From no family ministry to pro family ministry
The primary responsibility for Christian growth and
formation lies with the parents. This realization is the first step
in developing your family ministry.
"These commandments that I give you today are to be upon your
hearts. Impress them on your children. Talk about them when you sit
at home and when you walk along the road, when you lie down and
when you get up. Tie them as symbols on your hands and bind them on
your foreheads. Write them on the door frames of your houses and on
your gates"-Deuteronomy 6:6-9.
Notice the absence of Sunday school teachers in this passage.
I'm not saying Sunday school is unbiblical; I'm saying it's
supplemental to what happens in the Christian home. Too often,
Christian parents defer their responsibility to the volunteers at
church to "bring them up in the training and the instruction of the
Lord" (Ephesians 6:4).
God, however, is calling the church to give that responsibility
back to parents-where it belongs. Scripture is full of examples of
family ministry. Before you begin your family ministry, study the
biblical model. You'll discover that the primary responsibility for
Christian growth and formation lies with the parents. This
realization is the first step in developing your family
ministry.
The second step is developing ways to help parents. What do
parents need? They need the four I's.
1. Information
Parents want useful and current information about parenting.
Invite a group of parents for dessert and ask them, "What would be
the best forum for providing you with information?" and "What are
some issues you'd like to know more about?"

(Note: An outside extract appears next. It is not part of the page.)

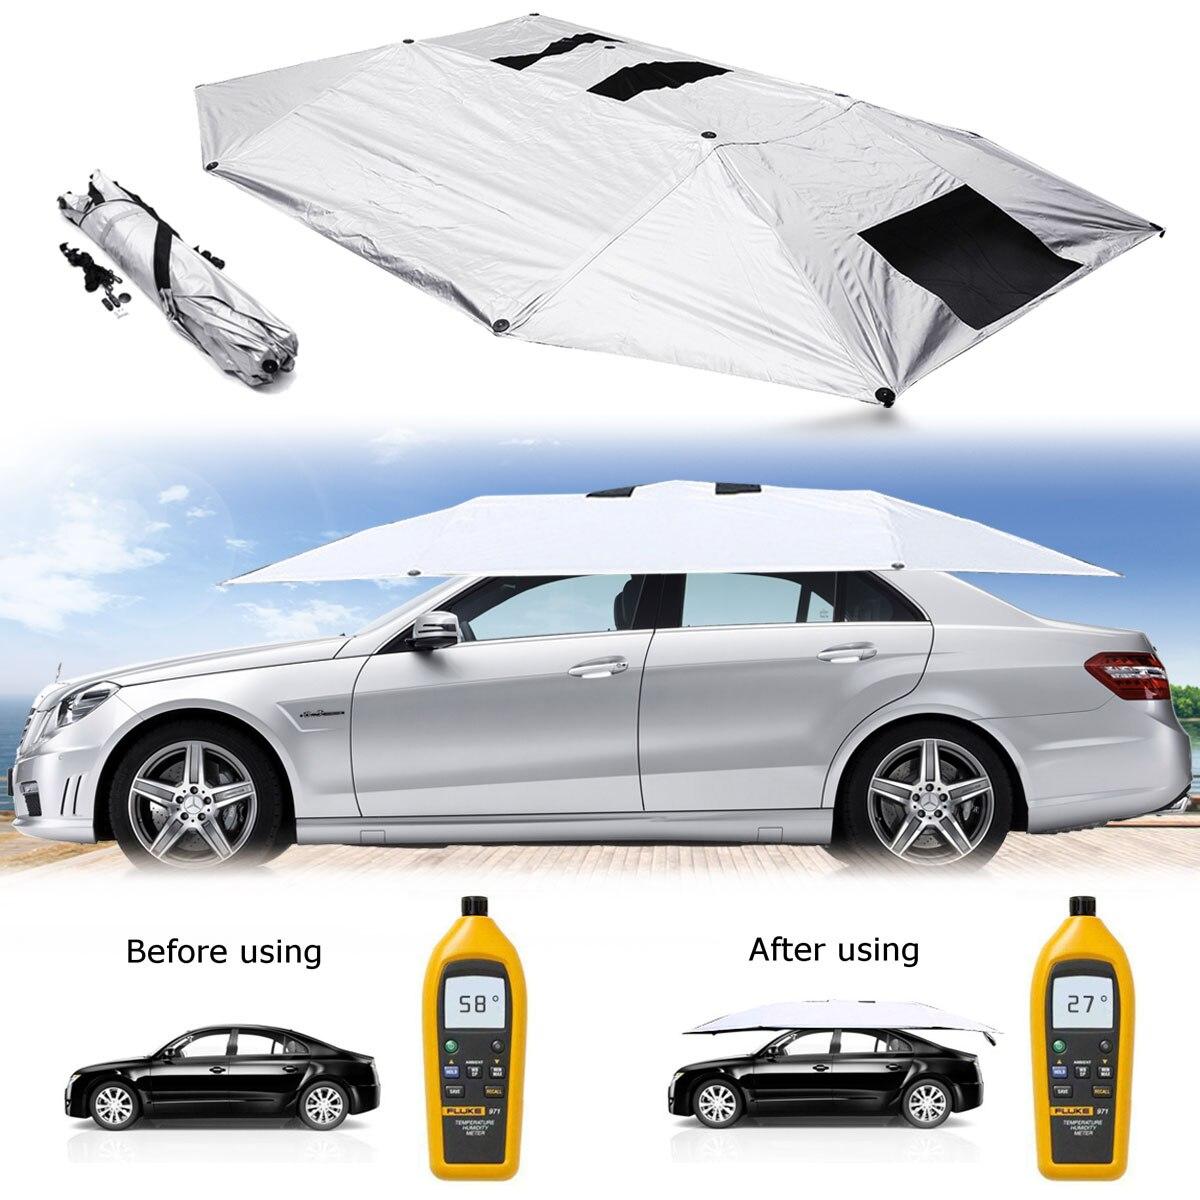 Portatile Esterna Rimovibile Auto Tenda Ombrello Tetto Parasole Copertura Della Protezione UV Auto Tenda Da Sole Accessori Auto Foglio di Protezione Del Sole

In an informal survey, Tim Kurth, a Christian education director
in Illinois, discovered that parents in his church needed help
balancing family, work, and church; healing for troubled marriages;
and resources to study God's Word outside of church services.
After you've collected parents' feedback, design your parent
education vehicle. Through teaching, training, retreats,
newsletters, audio tapes, videotapes, small groups, events, and
personal interaction, you can help parents. Don't try to do all
these. Just choose one format to inform and inspire parents.
Many churches have introduced their family ministry emphasis
with a parenting seminar. If you do the same, make it
visitor-friendly and invite parents from the community. Receiving
support and information is a felt-need for all parents.
Network with other children's ministers to find great resources
for parent-training. Or, if you really like a parenting book, call
the book's publisher. The company's publicist can connect you with
the author. Authors are often willing to lead a parenting
seminar.
2. Introduction
Information alone won't meet parents' needs. Most parents want
to develop relationships with other parents. We offer a dinner for
parents prior to our parenting seminars. This allows people to
relax and get to know other parents. It also provides built-in
discussion groups for the seminar. Several parents have started
small groups with the people they've gotten to know at their
tables.
At Hope Wirta's church in Milwaukee, small groups of families,
such as "The Young and Restless" group, meet regularly. Some weeks,
parents may meet with their children and play games, or other
weeks, they may get a baby sitter and go to a play. Lifelong
relationships are formed in accountability support groups such as
these.
3. Integration
There are three great ways to integrate your family
ministry.
*Fit it in. Design your family ministry to fit into what you're
already doing in children's ministry. Children's minister Sharyn
Spradlin in Washington state brings parents and kids together for
teaching, worship, and communion on Sundays. Then parents and
children go to classrooms together for Bible lessons.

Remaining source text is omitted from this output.